I might be wrong by Mintaka
Where it began
Since the new part of the training centre opened a few weeks ago, Quistis saw it as a godsend. The monsters were more of a challenge and it provided good sources for her to let out any emotions she was keeping in and Hyne did she hell at the moment. Her mind had taken a cartwheel into the unknown and it bothered her. She wasn't used to so many emotions at one time especially when it involved Seifer.
With so much precision, she aimed the tip of her whip at the weak spot of her opponent. She had spotted the slight limp in the Ruby dragon's movements and used it to her advantage. The large jagged gash in its right leg oozed crimson blood, trickling down its leathery skin to the ground. The leg slumped leaving the beast vulnerable and before it could react to Quistis' attack, she cast triple blizzaga. From the back of its throat, it let out a bellowing roar and inched closer to her somewhat smaller form. She looked at it straight in the eye and smirked before casting meteor. The dragon finally went down with a mighty thud. Quistis looked at it with a sense of achievement though she thought it was a bit sloppy. To be honest it took quite a lot out of her, her breathing was hard and her hair was stuck wet to her face. She looked a state.
She never saw her spectator in the shadows. He was observing her battle with much interest, taking every move in. Having only being her student, he'd never seen her demonstrate her fighting abilities. He was impressed he had to admit. "Bravo Instructor bravo." He said, with a hint of sarcasm which she picked up on. "Back to normal I see." She replied. As he walked closer to her, she felt herself get self-conscience. She didn't particularly want him to see her so dishevelled or so downright disgusting. Hopelessly she tried to clean herself up which he noticed with amusement. "What the hell are you doing here anyway; shouldn't you be in the infirmary?" She said trying to avoid his expected scathing comments. "…Yeah, but I got bored and I felt kind of dirty considering I haven't had a shower in a week. How about you? Why are you here? It is 2am you know."

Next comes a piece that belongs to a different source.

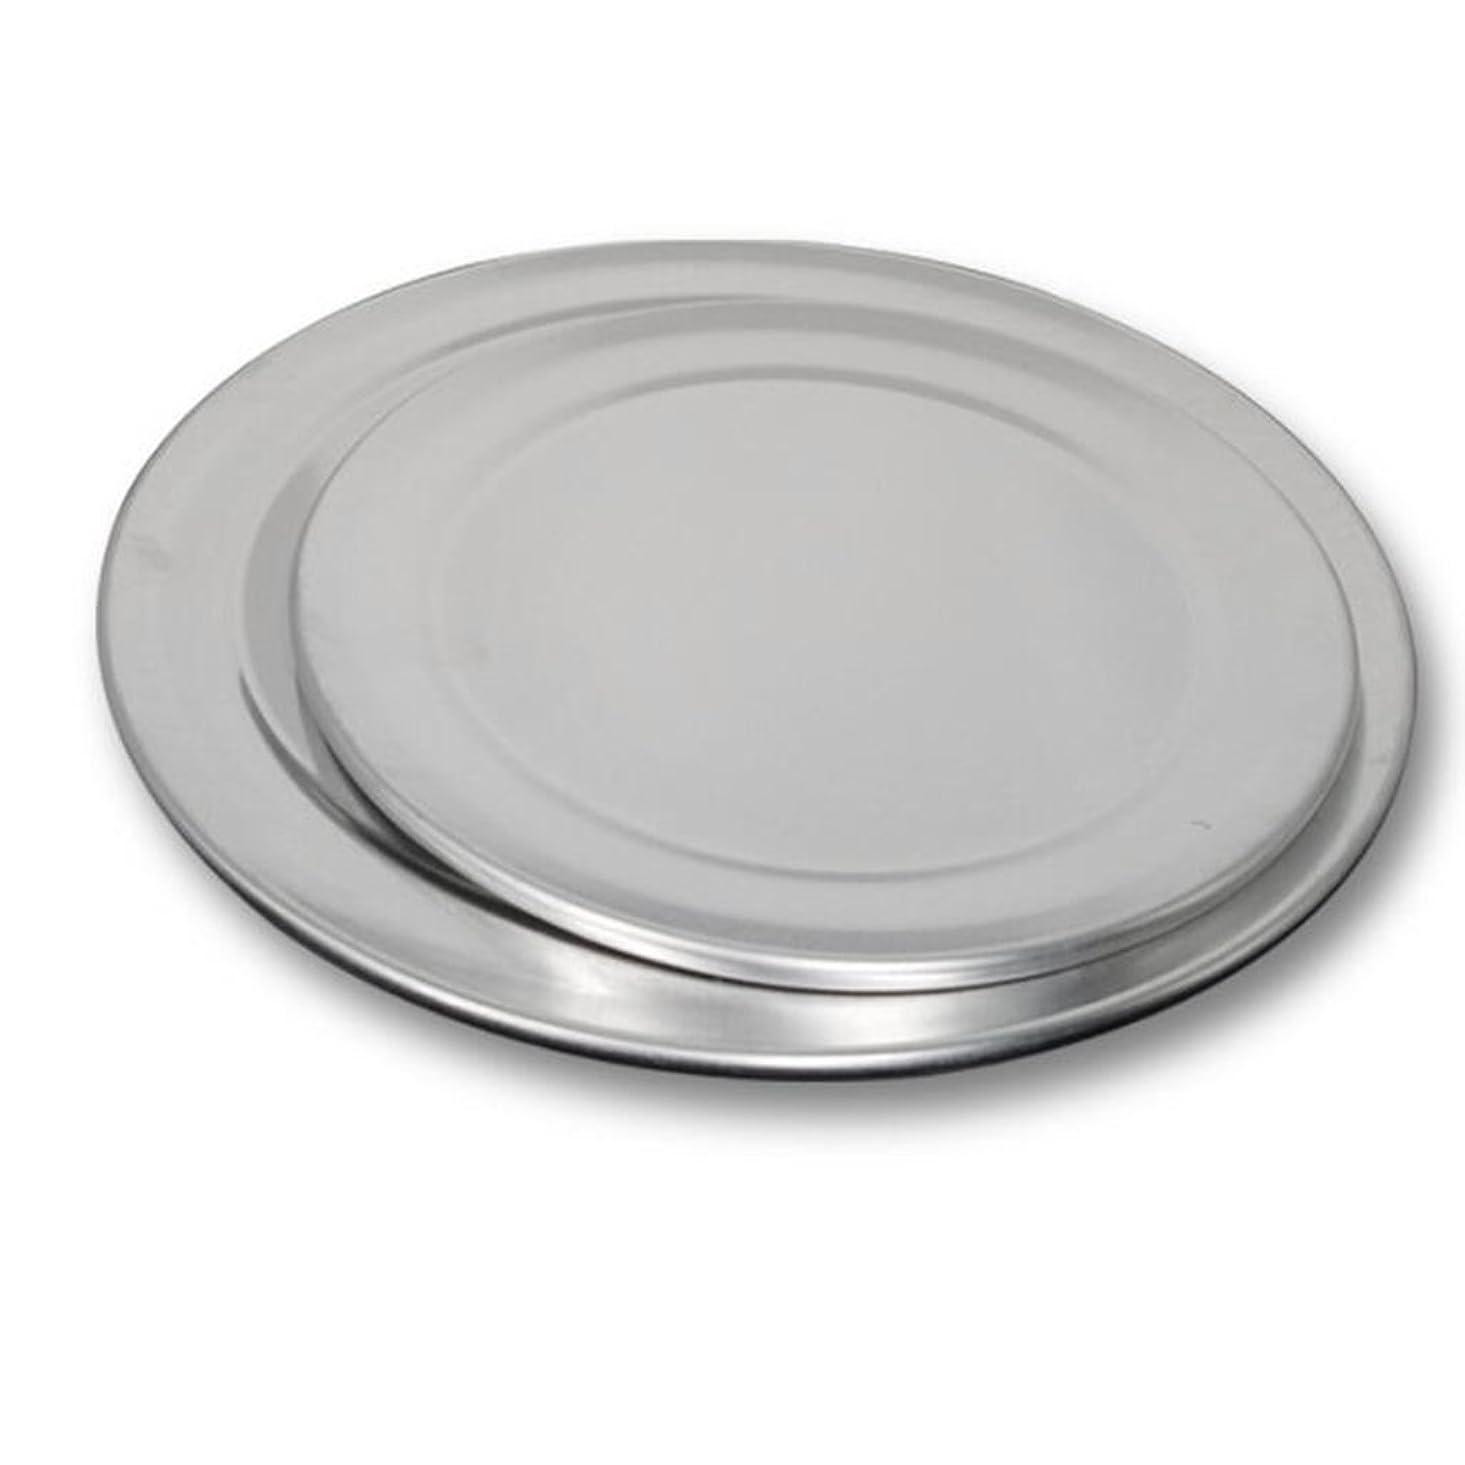 ダルセット大砲リスキーなピザトレイ ラウンド ピザプレート キッチン 耐熱皿 円形 アルミニウム 12インチ+8インチ 2個セット

"Yeah I know that. I couldn't sleep that's all."
"I see…you looked pretty good out there."
She laughed a little too enthusiastically. "I doubt it. I felt as inexperienced as one of the junior classmen. I'm not as good as people think I am."
"You shouldn't put yourself down. I know it's not true." She looked at him sceptically. It wasn't everyday she got compliments from him.
"It's a bit dangerous out here, shall we go…" He didn't finish his sentence. She knew what it was, but he was waiting for some kind of consent. It wasn't something she wished to be reminded of what happened there though it was a surprise for them both.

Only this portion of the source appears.